Elliot, who manages 40-plus employees in a technology company, has no time for someone who is a persistent misbehaver to the point that the person is disrupting the team’s momentum and losing sight of the goals. “No matter how bright they are or how theoretically valuable they are, If they are not a net positive, you need to move them out of the team—or possibly even the company,” he says.
Leia: Keep your skill set polished
We’ve known since all the way back in “Star Wars V: The Empire Strikes Back” that the future General Leia Organa was Force sensitive, and in the novel “Aftermath: Life Debt,” we learn that Luke trained Leia to use her powers. It’s a good thing, too, or else she would never have survived the vacuum of space when she was blown out of her ship.
Maintaining your training isn’t just important in a galaxy far, far away. It’s important if you want your resume so polished that it shines.
Höfle refuses to let his technical skills fade away as Luke did. (Too soon?) “I personally make sure, regardless of the workload, that I take on some of the development work, and I won’t give it up,” he says. If you don’t understand what your reports are doing, you can’t know if their code is behaving the way it should. Plus, given the breadth of the tech industry, not keeping your skills up is detrimental to your career.

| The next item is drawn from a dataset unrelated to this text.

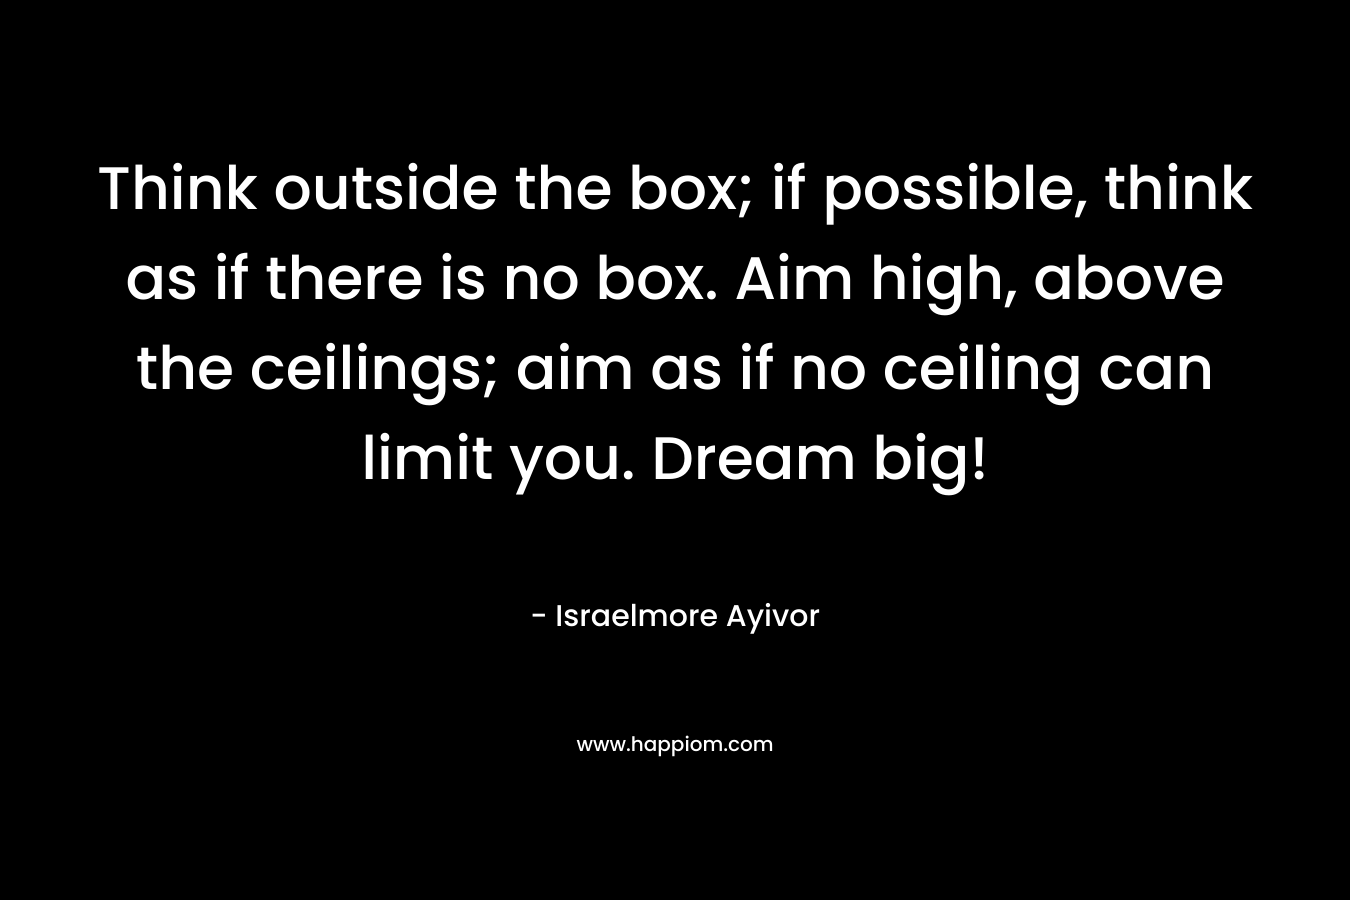 Think outside the box; if possible, think as if there is no box. Aim high, above the ceilings; aim as if no ceiling can limit you. Dream big!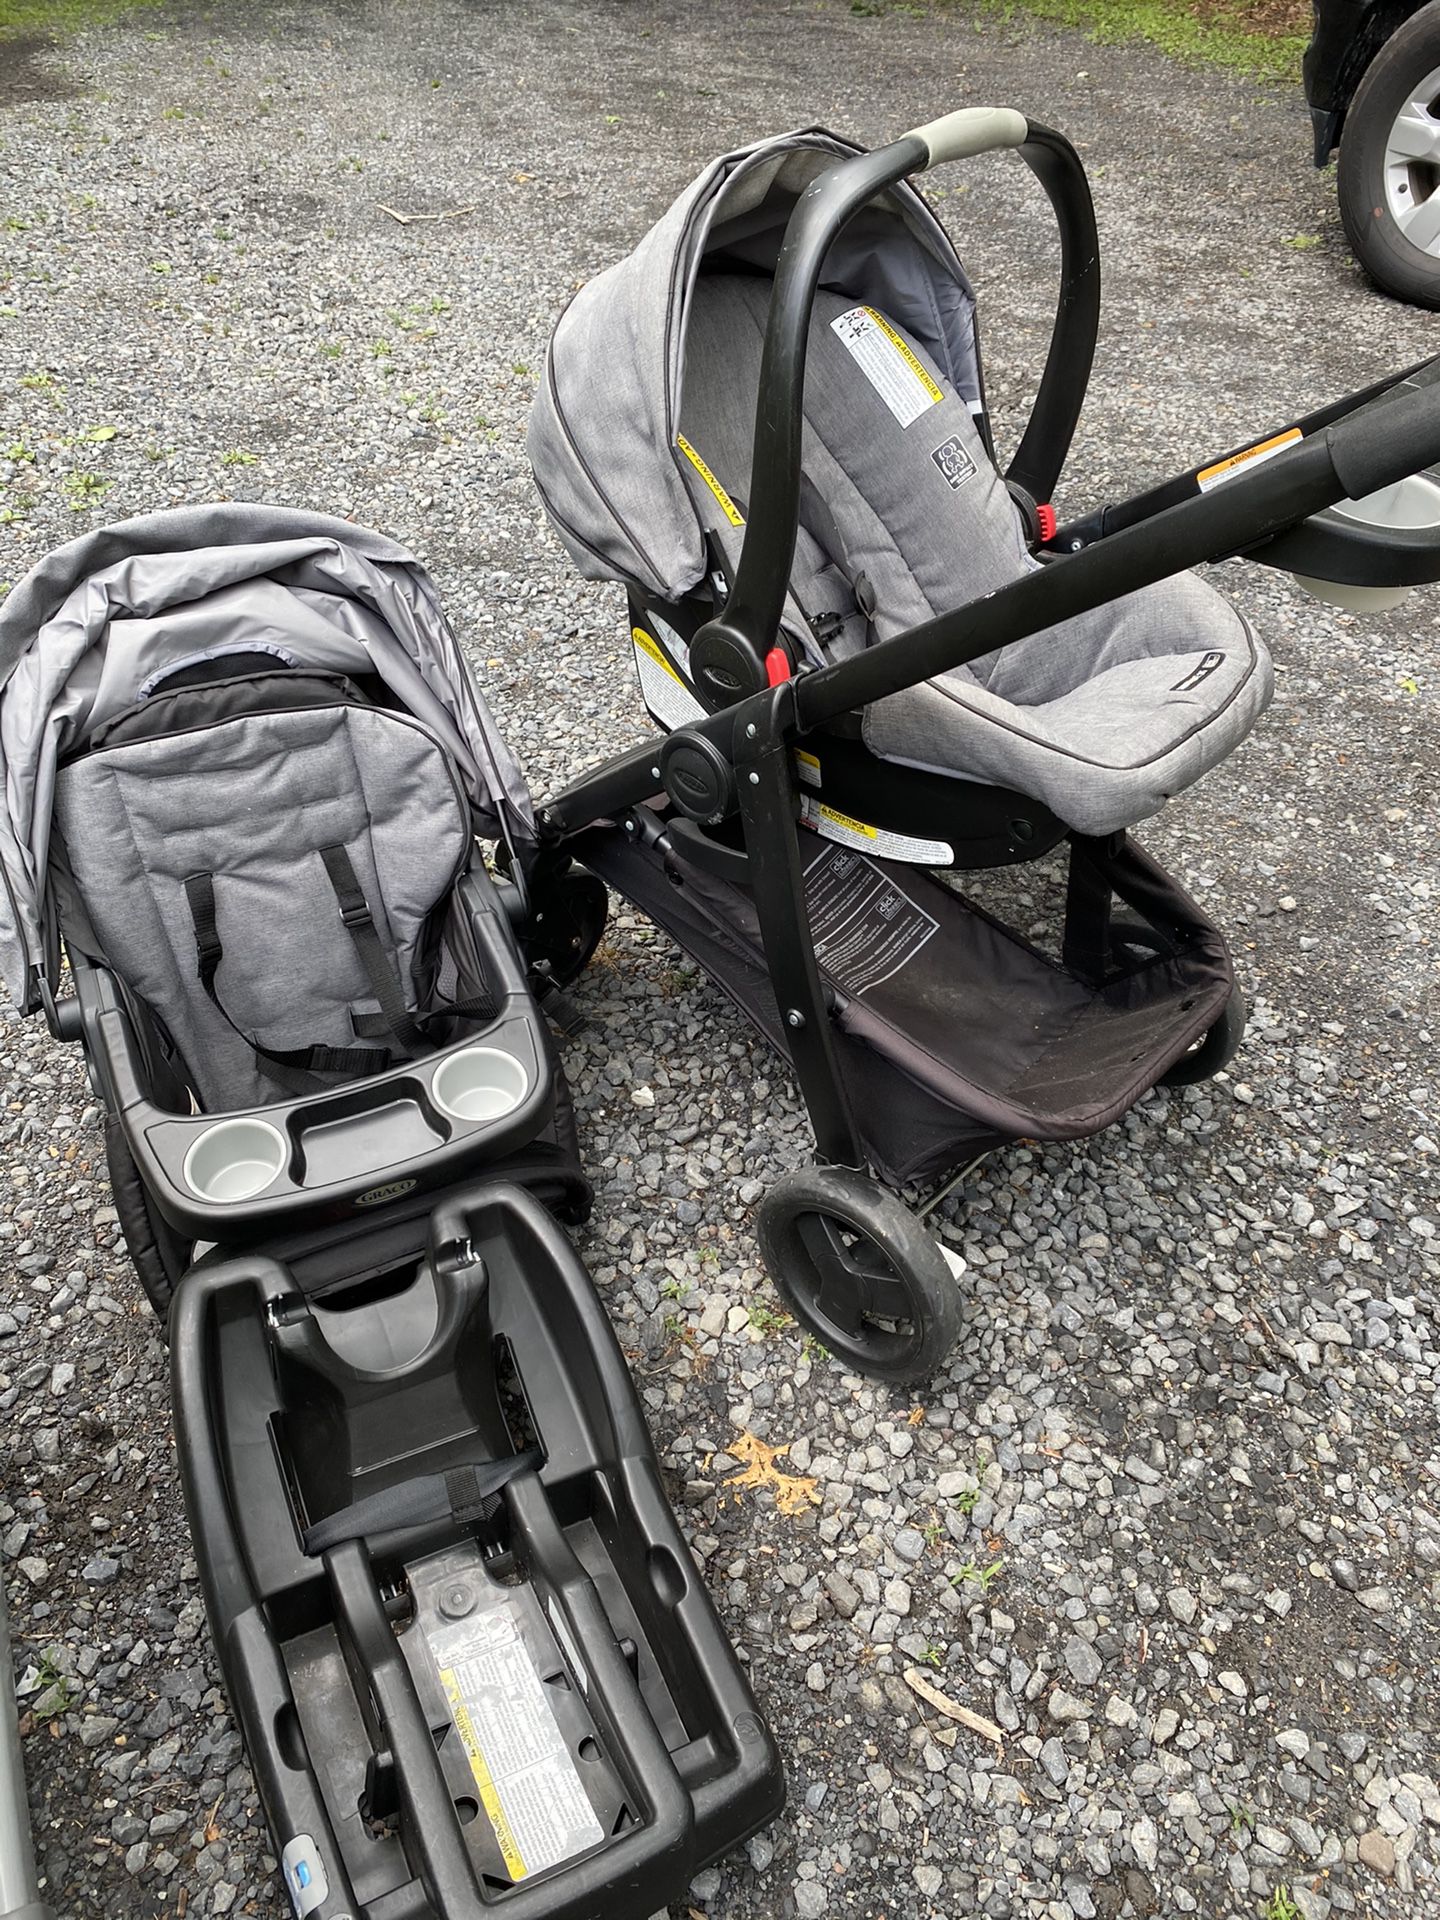 Graco stroller with car seat plus high chair

And that’s why even managers need to hit an online tutorial site or contribute to an open source project. You never know when you’ll need to work with the most recent version of Gentoo or save yourself from temperatures of 3 Kelvin.
Luke: Learn to manage remotely
Luke Skywalker, who had disconnected himself from the Force, ultimately reconnects and projects himself across the galaxy to delay the First Order’s advance and buy Leia and the Resistance time to escape. You may not have to cross an entire galaxy as Luke did, but when you’re in one office and your team works in another or from their homes, it’s time to develop remote managing skills.
One of the arts of managing teams remotely is knowing when to leave the team members to get on with their work and when to turn up and ask (or answer) questions. That’s especially true when remote team members have a challenging assignment and may need to deal with stakeholders or local problems.
Use teleconferencing to place yourself into the loop, says Elliot. Doing so helps you learn the context directly from the team and provide guidance if things get contentious. “It’s important that your team doesn’t feel that you’re looking over their shoulder every moment. But at the same time, it’s also important they know you’re engaged and have their back when needed,” Elliot adds.
Schedule weekly meetings and check-ins to track the team’s well-being. And put in an occasional appearance. You’re not just giving your reports some face time; you’re cosplaying Luke Skywalker. Lightsabers are still optional.